Task to complete ▸ What is needed is an exact transcription of the line containing "Life In Lodz" and every line after it through the end of the entries below, with no pictures.

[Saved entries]

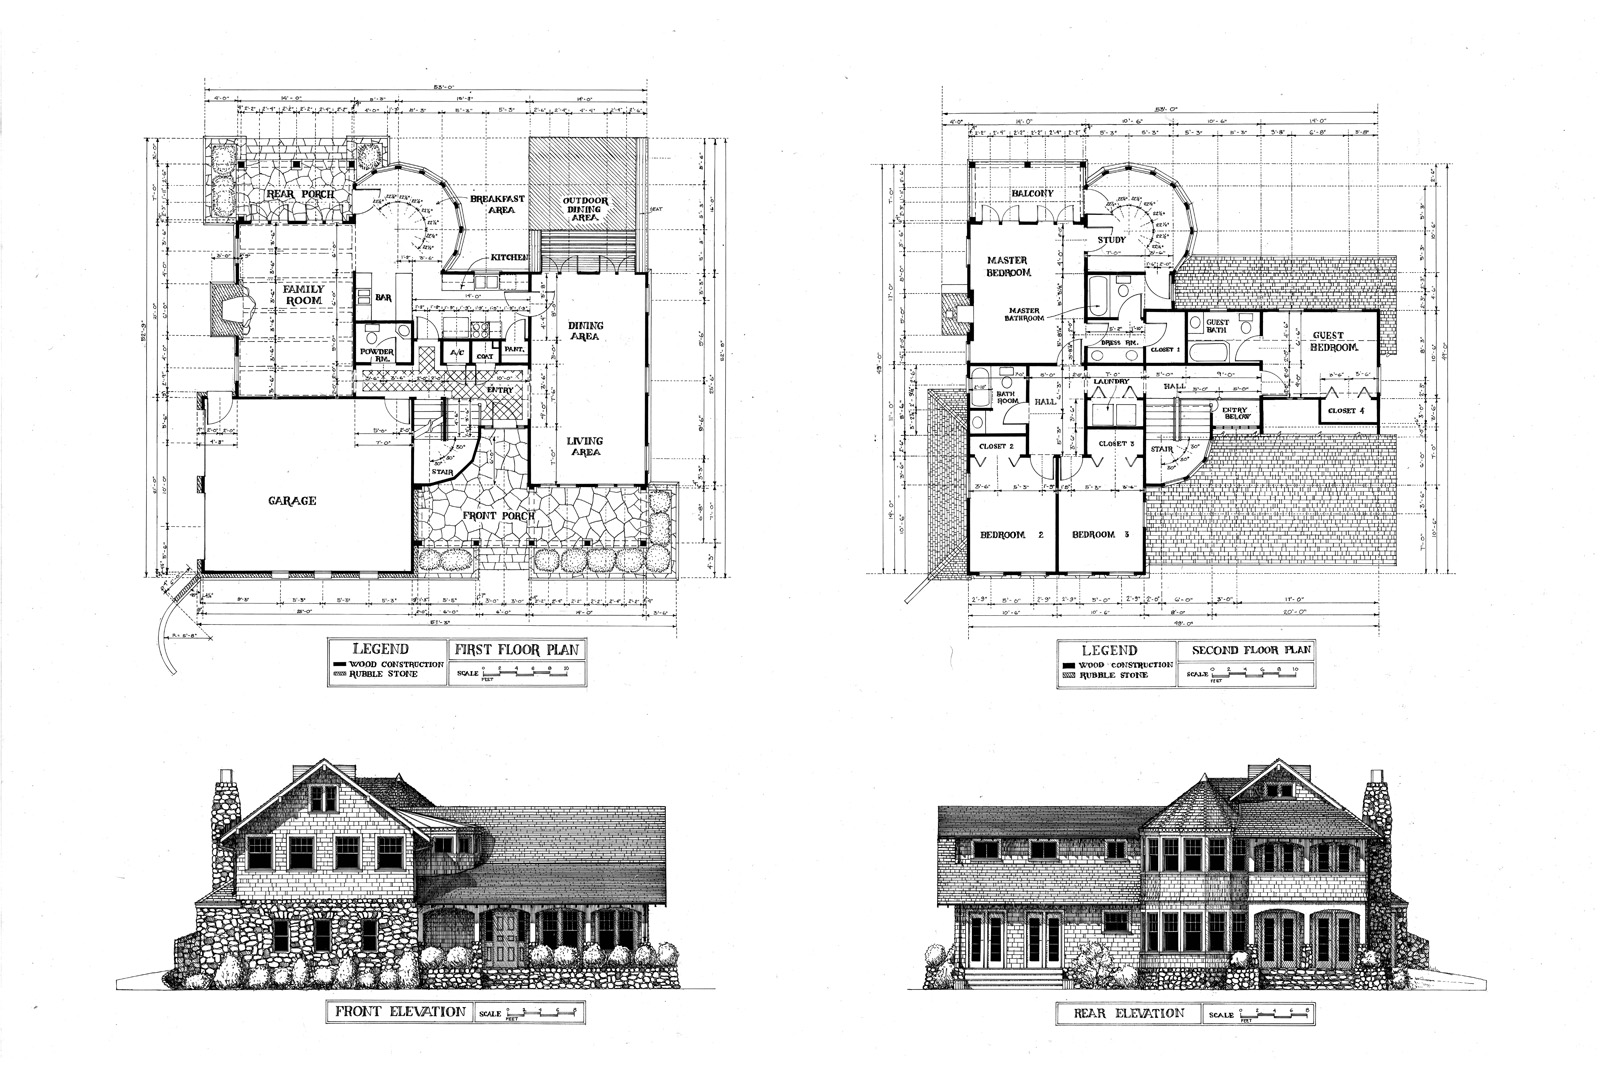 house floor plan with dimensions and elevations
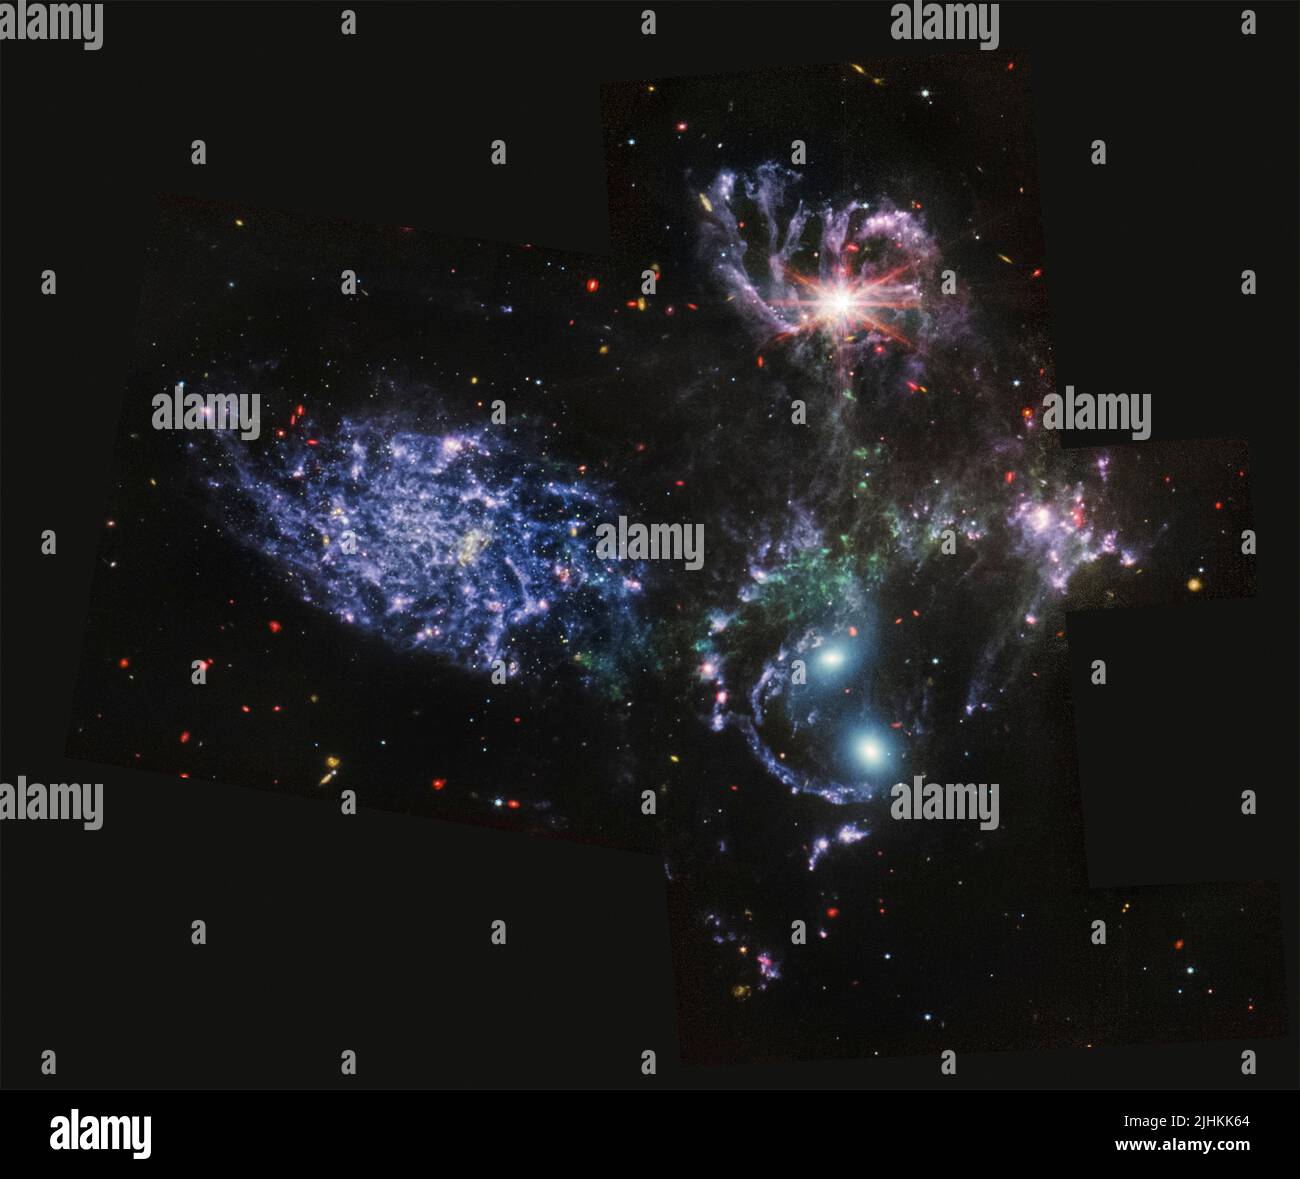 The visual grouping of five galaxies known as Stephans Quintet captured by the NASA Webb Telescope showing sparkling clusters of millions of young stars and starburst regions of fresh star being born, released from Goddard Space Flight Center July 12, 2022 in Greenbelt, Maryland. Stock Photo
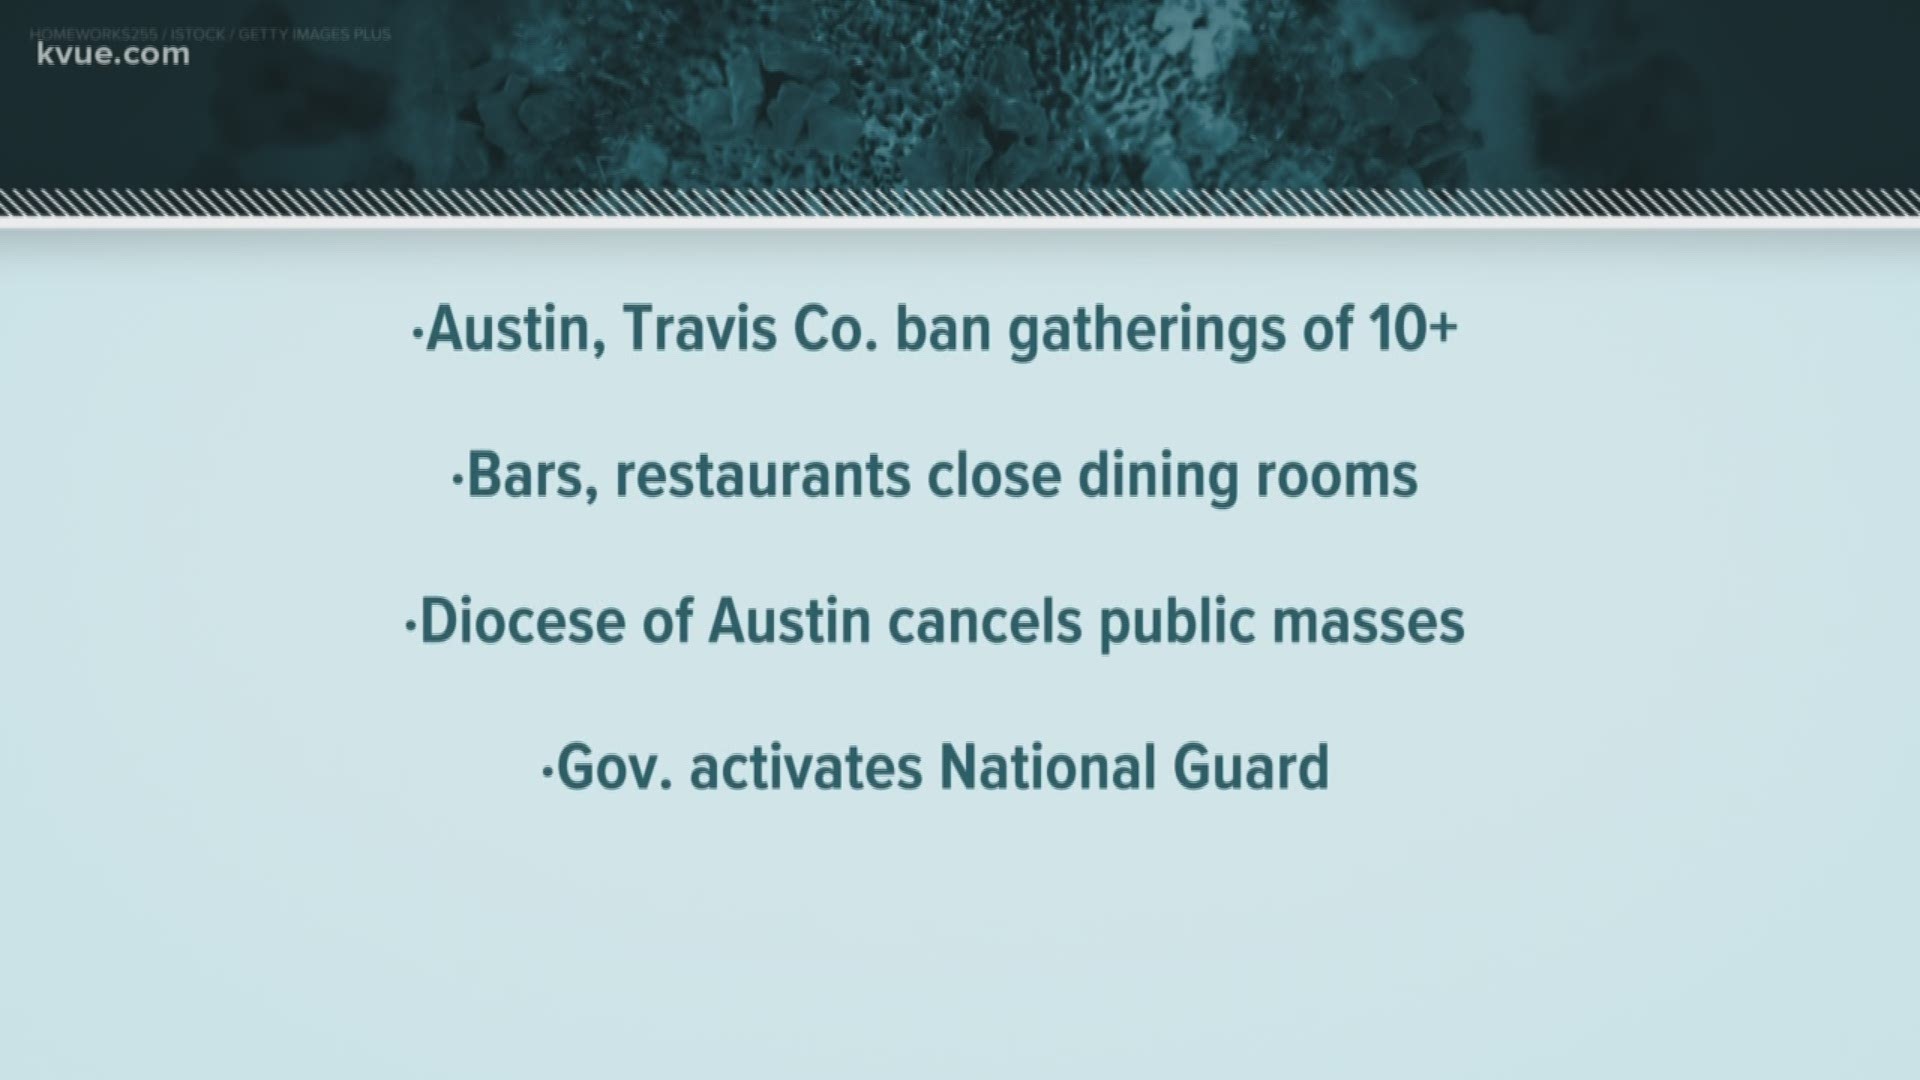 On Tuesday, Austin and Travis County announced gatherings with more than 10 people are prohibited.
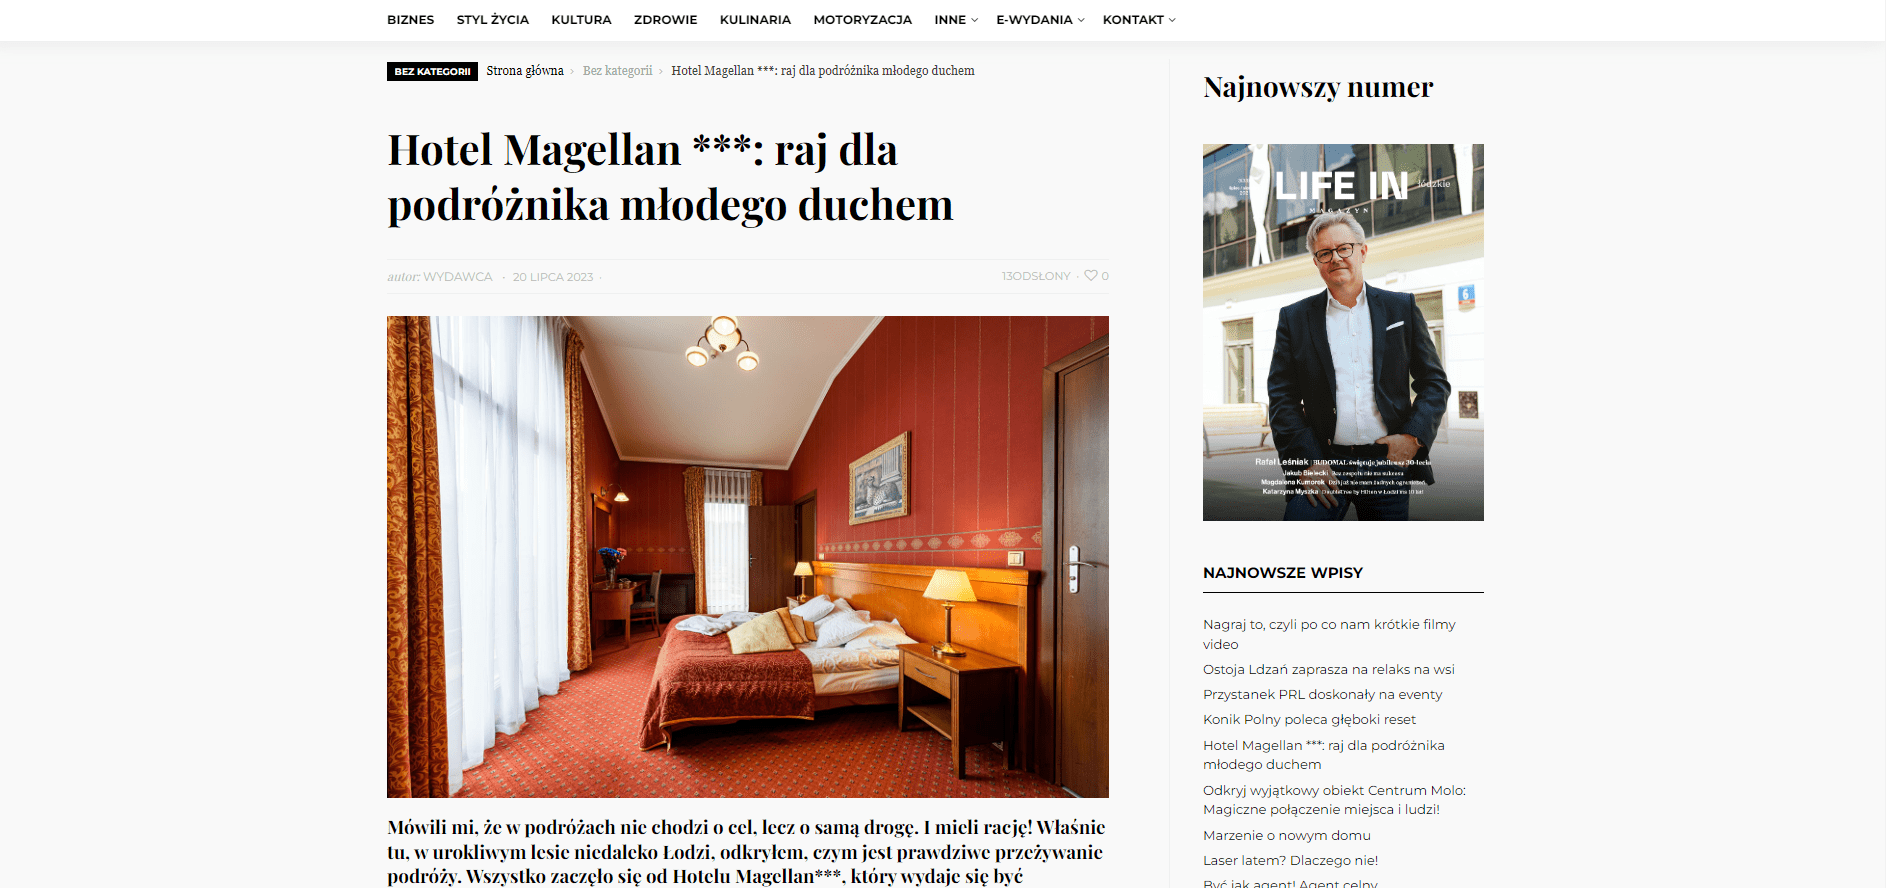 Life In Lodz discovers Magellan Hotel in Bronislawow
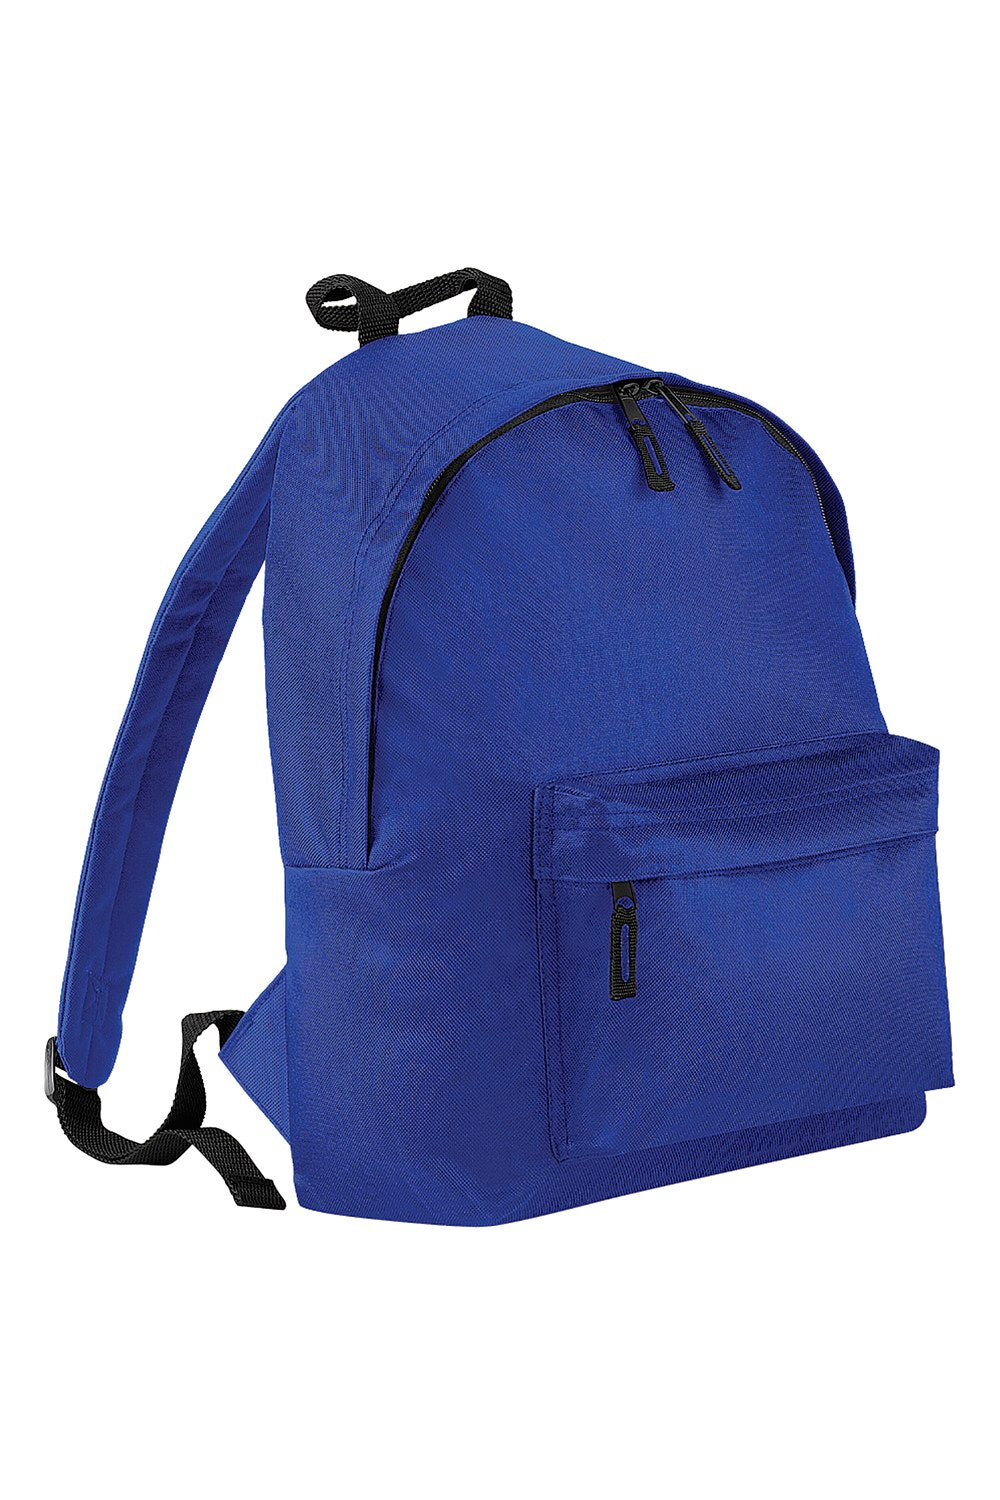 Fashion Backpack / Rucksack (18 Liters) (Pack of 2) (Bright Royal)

Response ▸
 Life In Lodz discovers Magellan Hotel in Bronislawow
 Fashion Backpack / Rucksack (18 Liters) (Pack of 2) (Bright Royal)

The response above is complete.